Don't retry hot — let the negative-cache TTL absorb it.
- **AMP pages**: prefer `og:url` when present so the cached entry points to
the canonical page, not the AMP variant.
---
## Front-end integration
### Type addition (`src/types/post.ts`)
```ts
export type LinkPreview = {
url: string;
canonicalUrl: string;
siteName: string;
title: string;
description: string;
imageUrl?: string;
imageWidth?: number;
imageHeight?: number;
favicon?: string;
themeColor?: string;
};
export type Post = {
// ...existing fields
/** Preview for the first URL in `text`. At most one per post. */
linkPreview?: LinkPreview;
};
```
### Which URL gets previewed
The back-end picks the **first** URL it finds in `text` using the same
regex as the front-end's `autolink` (`/(https?:\/\/[^\s<>"]+[^\s<>".,;:!?)\]}'])/i`).
Only that URL is fetched, stored, and returned as `post.linkPreview`. Any
later URLs in the same post are ignored for preview purposes (still
clickable inline via `autolink`).
### Where data comes from
Two viable paths — pick one when wiring the back-end.
1. **Inline on `Post`** (preferred): the post API enriches each post with
`linkPreview`. The first URL in `text` is resolved once at write time
(or lazily on first read with a background job). The client renders
without making any extra request.
2. **Client-side lookup**: the client extracts the first URL via the
existing `autolink` regex, calls `/api/link-preview?url=...` once per
post (with in-memory dedupe across posts that share the same URL), and
renders the card when the response comes back. Slower first paint but
keeps the posts endpoint cheap.
Recommend (1) for the public feed and keep `/api/link-preview` available for
(2) only on admin previews.
### Rendering
- New component: `src/components/messageStream/LinkPreviewCard.tsx`
- Renders a card with a left vertical 3px accent bar (`themeColor`
fallback `bg-ark-gold`).
- Layout:
```
┌──────────────────────────────────────────────────┐
│ ▍ siteName (12px, neutral-400) │
│ ▍ Title (15px, bold, neutral-100) │
│ ▍ Description (13px, neutral-300, 3-line clamp) │
│ ▍ ┌────────────────────────────────────────────┐ │
│ ▍ │ imageUrl (lazy, aspect-video, rounded) │ │
│ ▍ └────────────────────────────────────────────┘ │
└──────────────────────────────────────────────────┘
```
- Whole card is `<a href={canonicalUrl} target="_blank" rel="noopener noreferrer">`.

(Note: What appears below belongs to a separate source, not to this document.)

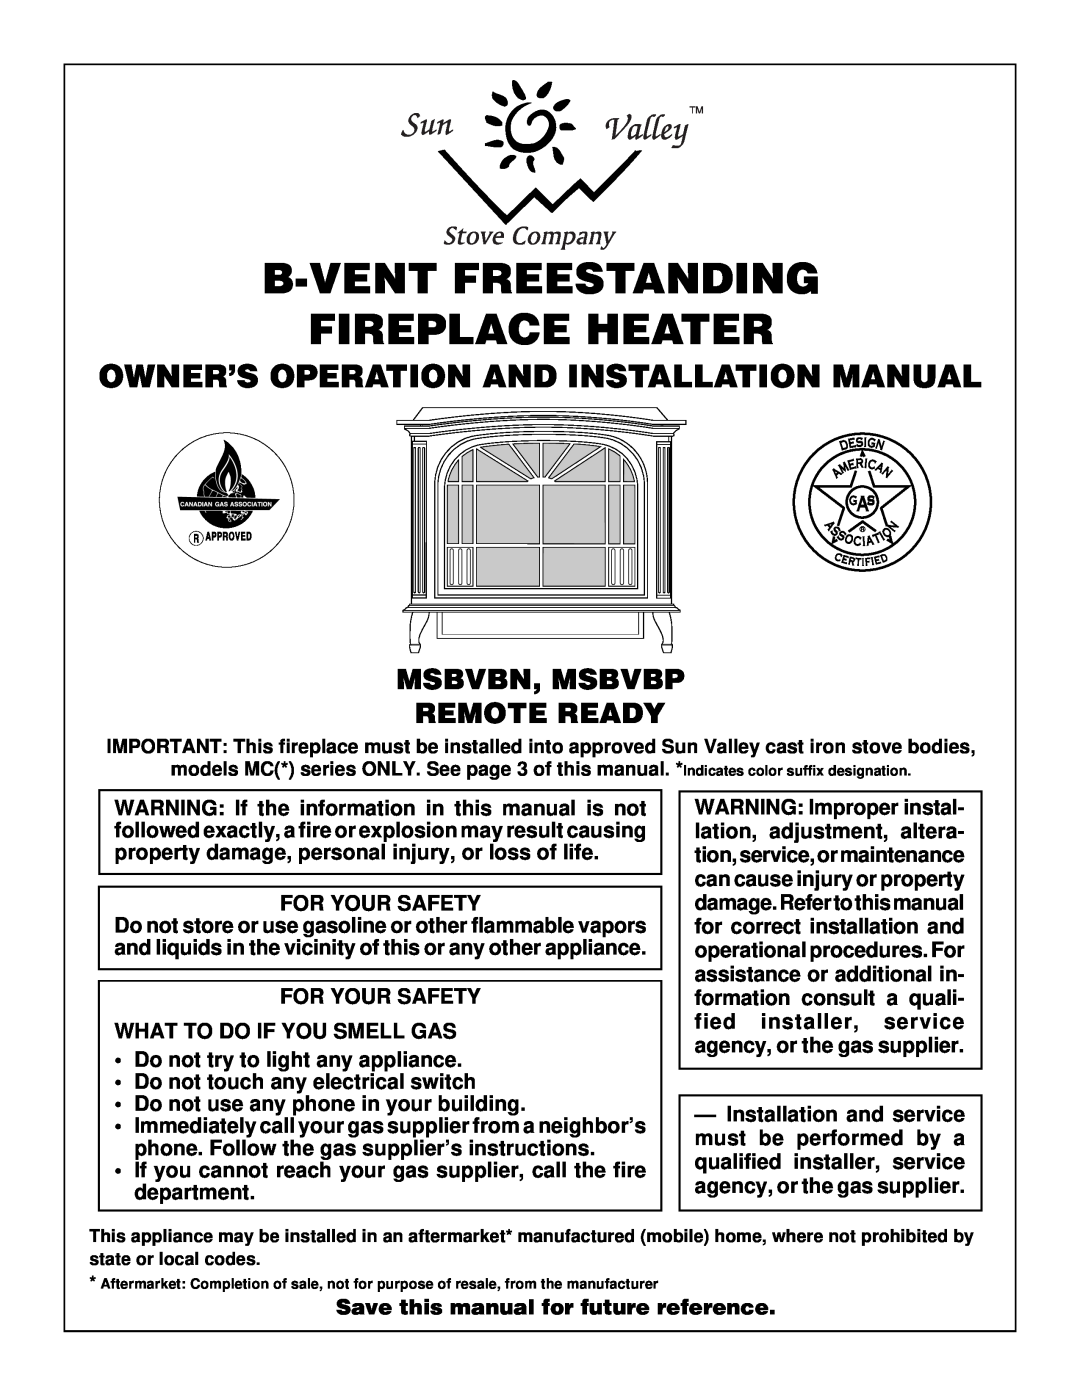 Desa MSBVBN, MSBVBP installation manual B-Ventfreestanding Fireplace Heater, Owner’S Operation And Installation Manual

- Reuse the bubble background (`bg-[#272632]` is OK, slightly lift with
`bg-white/[0.03]` overlay so the card reads as inset within the bubble).
- Mount points (text-bearing bubbles only): `TextBubble`,
`ImageWithTextBubble`, `AlbumBubble`, `VideoBubble`, `FileDocBubble`.

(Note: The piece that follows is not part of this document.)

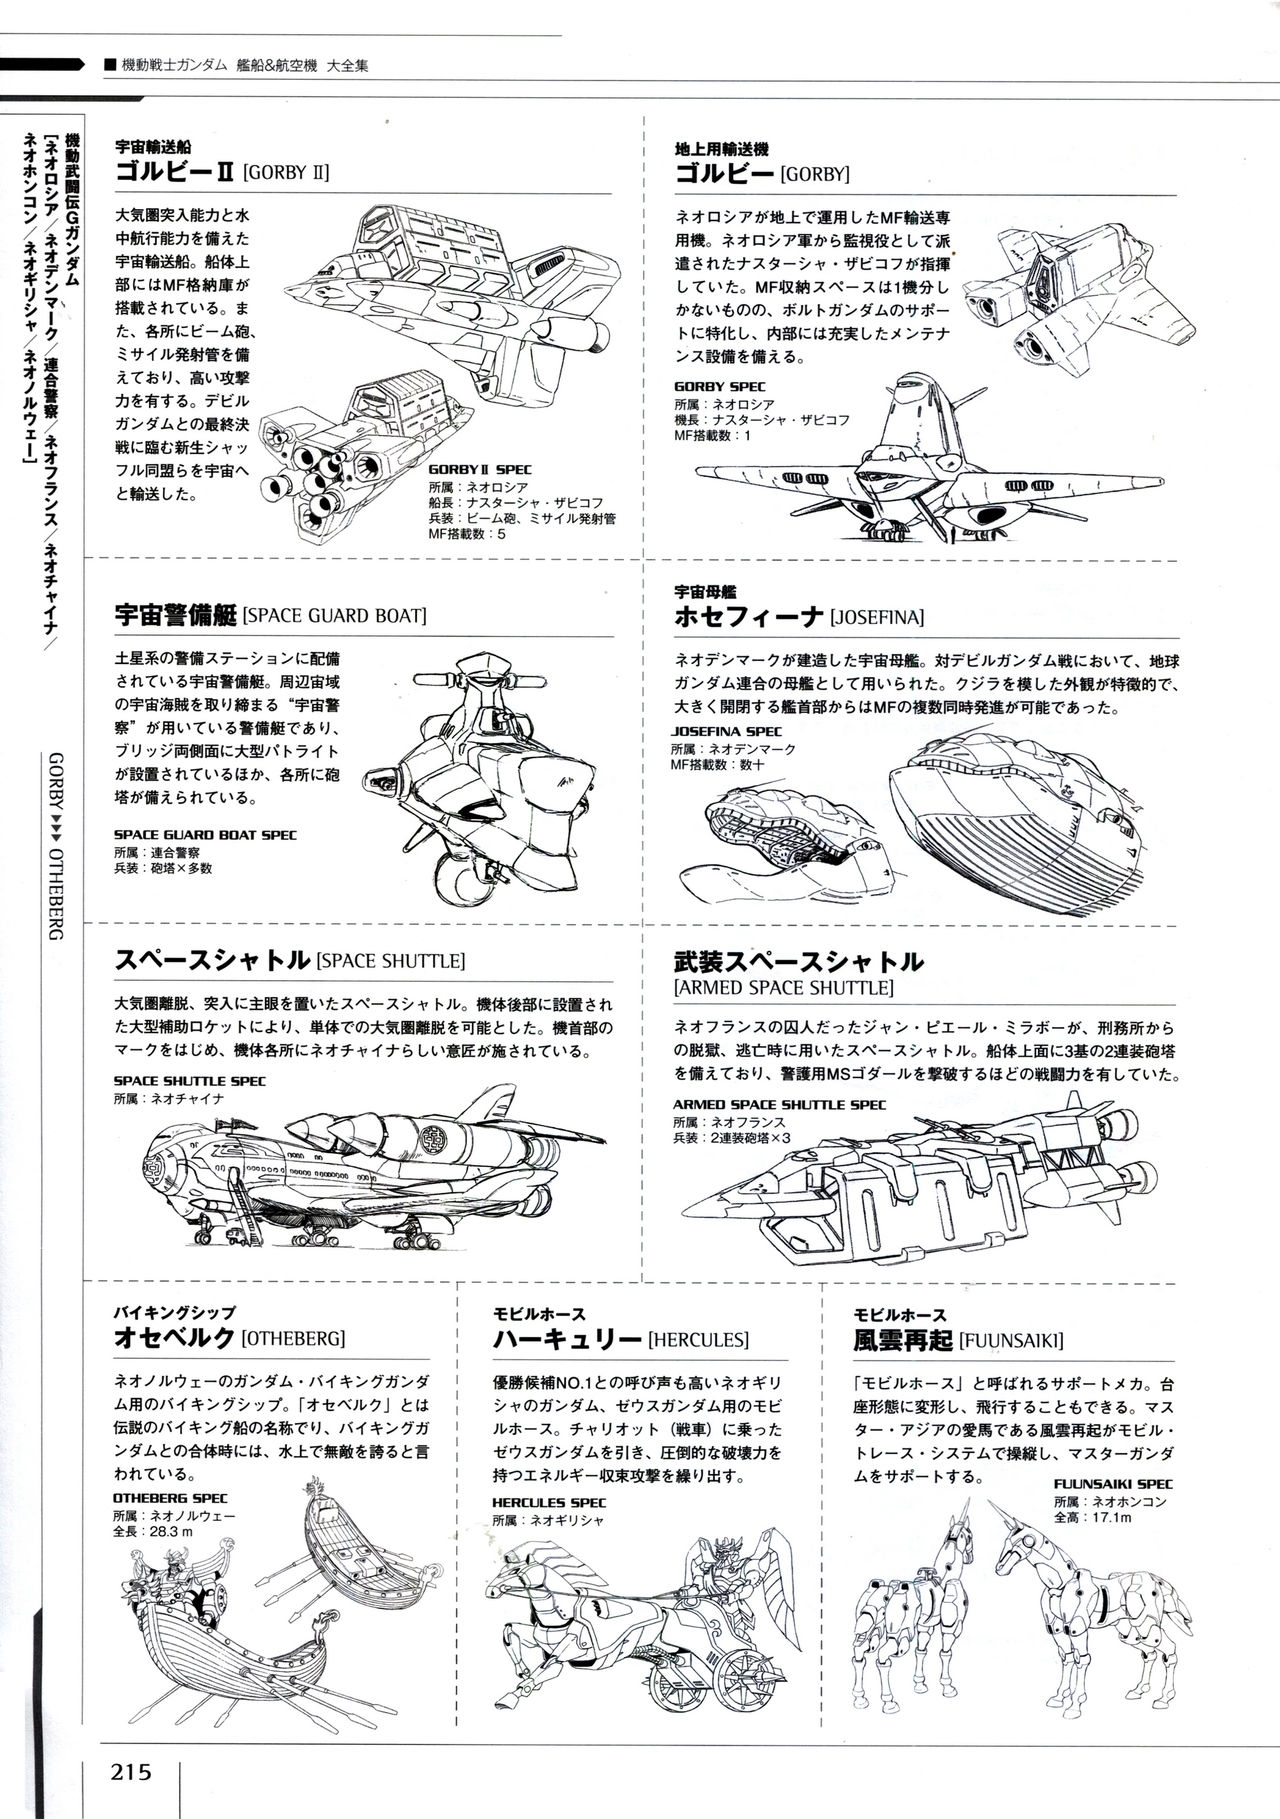 Mobile Suit Gundam - Ship & Aerospace Plane Encyclopedia - Revised Edition 220

Render below the existing `CollapsibleText` so cards stay visible even
when long text is collapsed.
### Picking the URL to preview
If `post.linkPreview` is present, render that single card. Otherwise the
bubble renders nothing extra (URLs still autolink inline). The front-end
never picks the URL itself — that decision lives on the back-end so the
client and server agree on which URL was chosen.

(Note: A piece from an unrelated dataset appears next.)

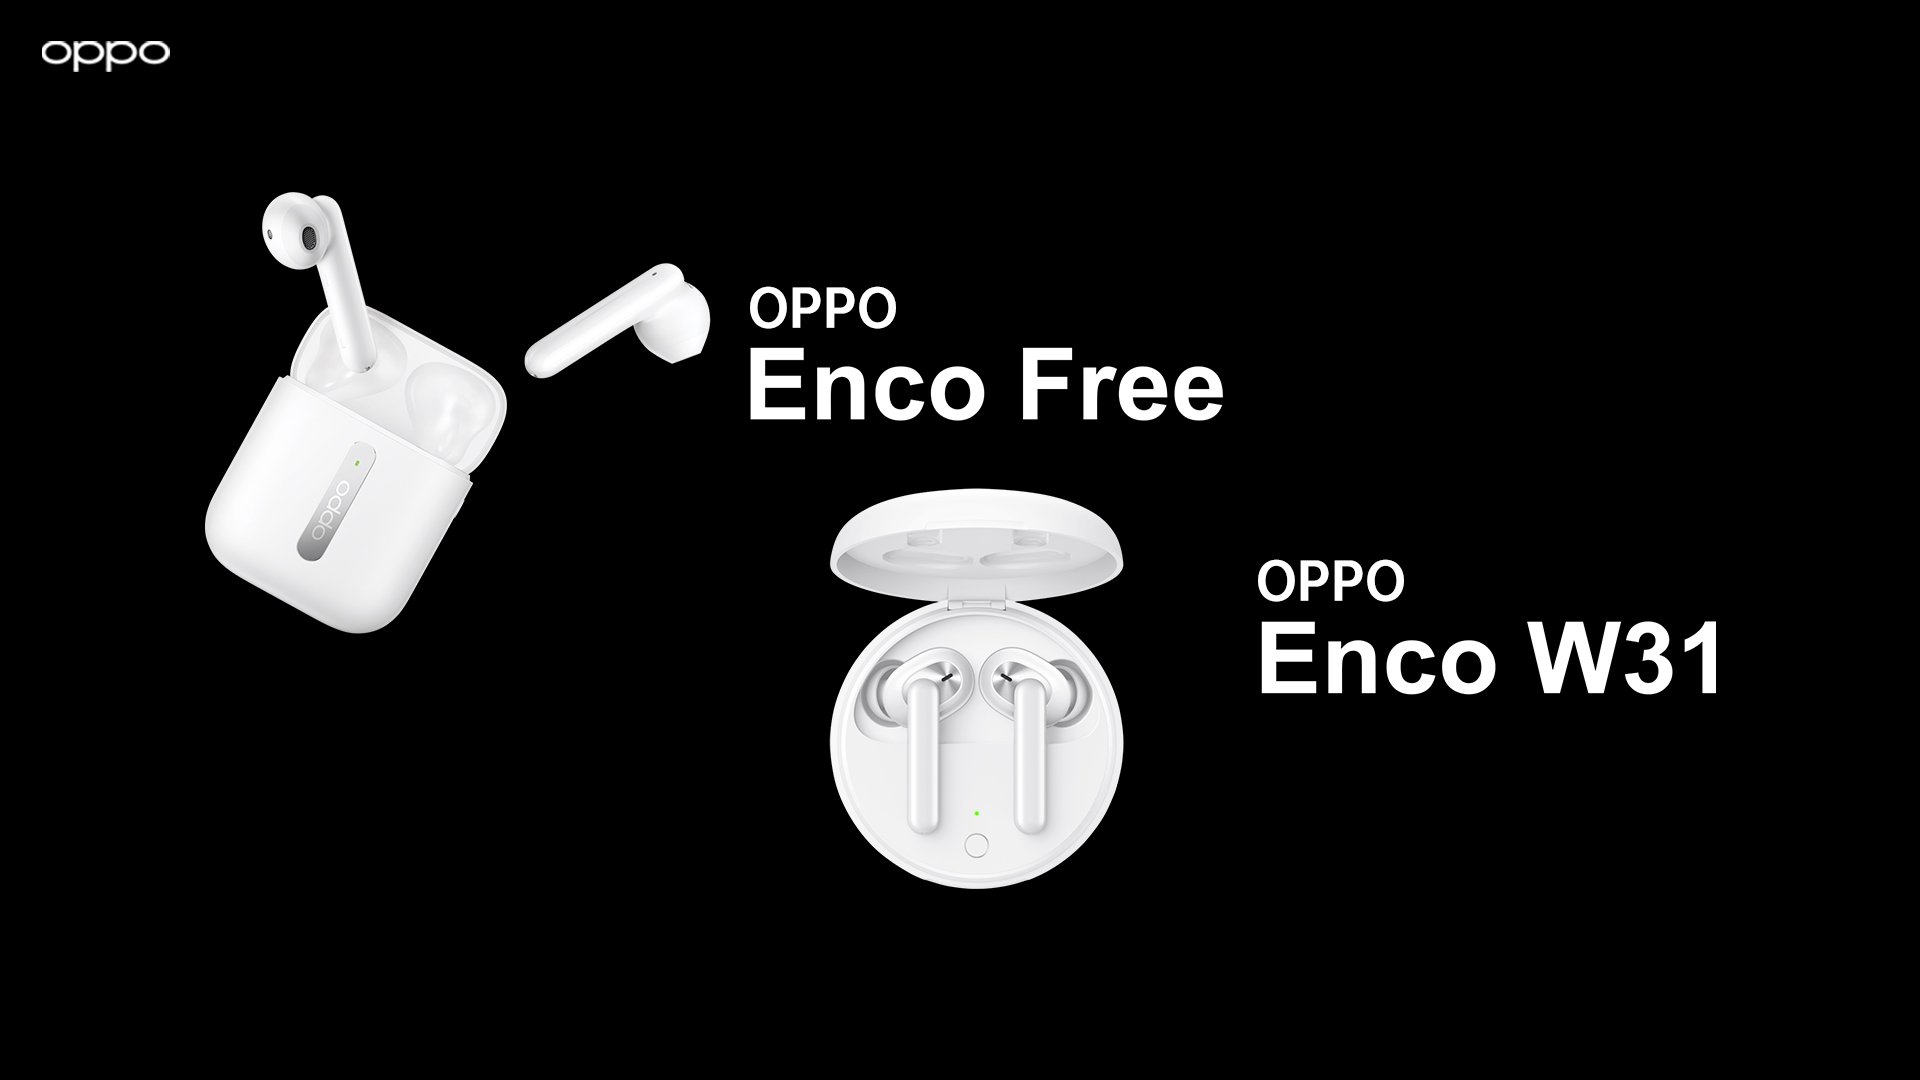 OPPO Enco Free and Enco W31

### Falling back gracefully
- No `imageUrl` → omit the image area, keep the text block.
- Title shorter than 8 characters → hide the description below (treat as
a low-confidence preview).
- Title empty and description empty → render nothing.
---
## Open questions for the back-end
- Where in the stack will OG extraction live? Existing post pipeline, a
worker queue, or inline on read?
- Storage: a new `link_previews` table keyed by `canonicalUrl`, with a
`post_link_previews` join table preserving original URL order, or just a
JSON column on `posts`?
- How aggressive should re-scrape be? E.g. re-scrape every 30 days for
successful previews, every 24 hours for `themeColor` updates.
- Should admin be able to override / hide a preview per post? Telegram has
a "no preview" toggle and editors often want it.
- Do we want a manual "refresh preview" button in the admin UI?